According to Eric Lotke, the primary author of the report, of the over 39,000 arrests in the Capitol District by the Metropolitan Police in 1996, less than 3% were for serious violent crimes.
Cheryl Epps, a member of the NAACP Criminal Justice and Policy Review Task Force, and a former New York City narcotics prosecutor, told the Week Online, "These numbers represent the tragic effects of the War on Drugs in Communities of Color. 50% of young, black males in the capitol of the United States of America are caught up in the criminal justice system. It is time to take a very hard look at the paradigm in which we are dealing with our drug problem. No responsible criminal justice professional can look at these figures and deny that something is very, very wrong."
Massachusetts Study - Mandatory Minimum Sentences Wasteful, Unjust (11/27)

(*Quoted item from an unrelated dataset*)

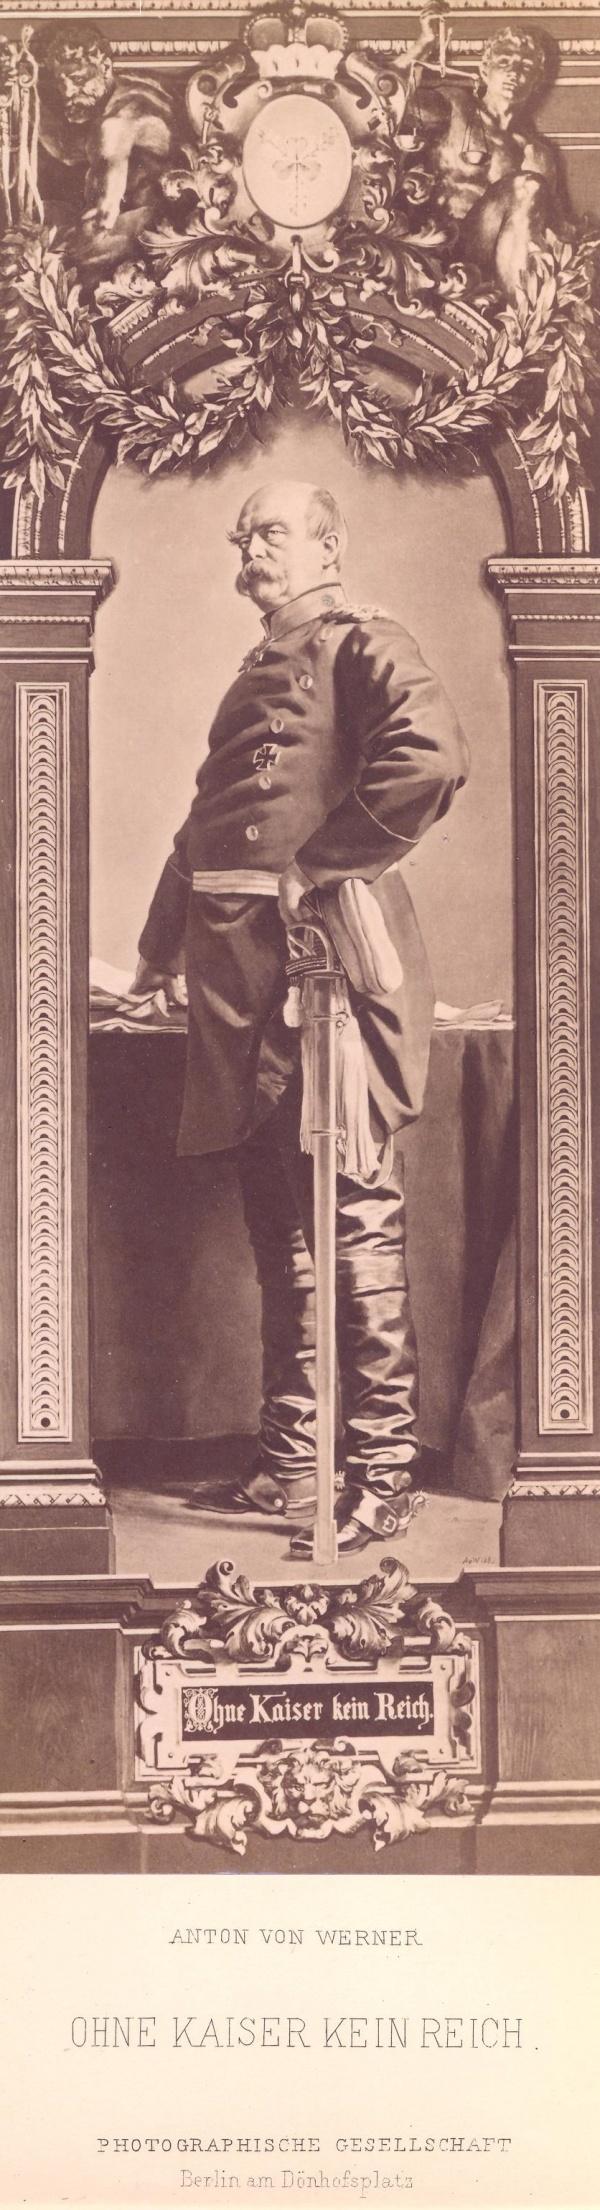 Anton von Werner (99 работ)

A study of drug offenders serving long, mandatory sentences in Massachusetts found that nearly 83% were African American or Latino and that 2/3 had never been convicted of a violent crime. William Brownsberger, a state assistant attorney general, led the study which was conducted at Harvard Medical School. According to Mr. Brownsberger, "Mandatory sentencing laws are wasting prison resources on non-violent, low-level offenders and reducing resources available to lock up violent offenders."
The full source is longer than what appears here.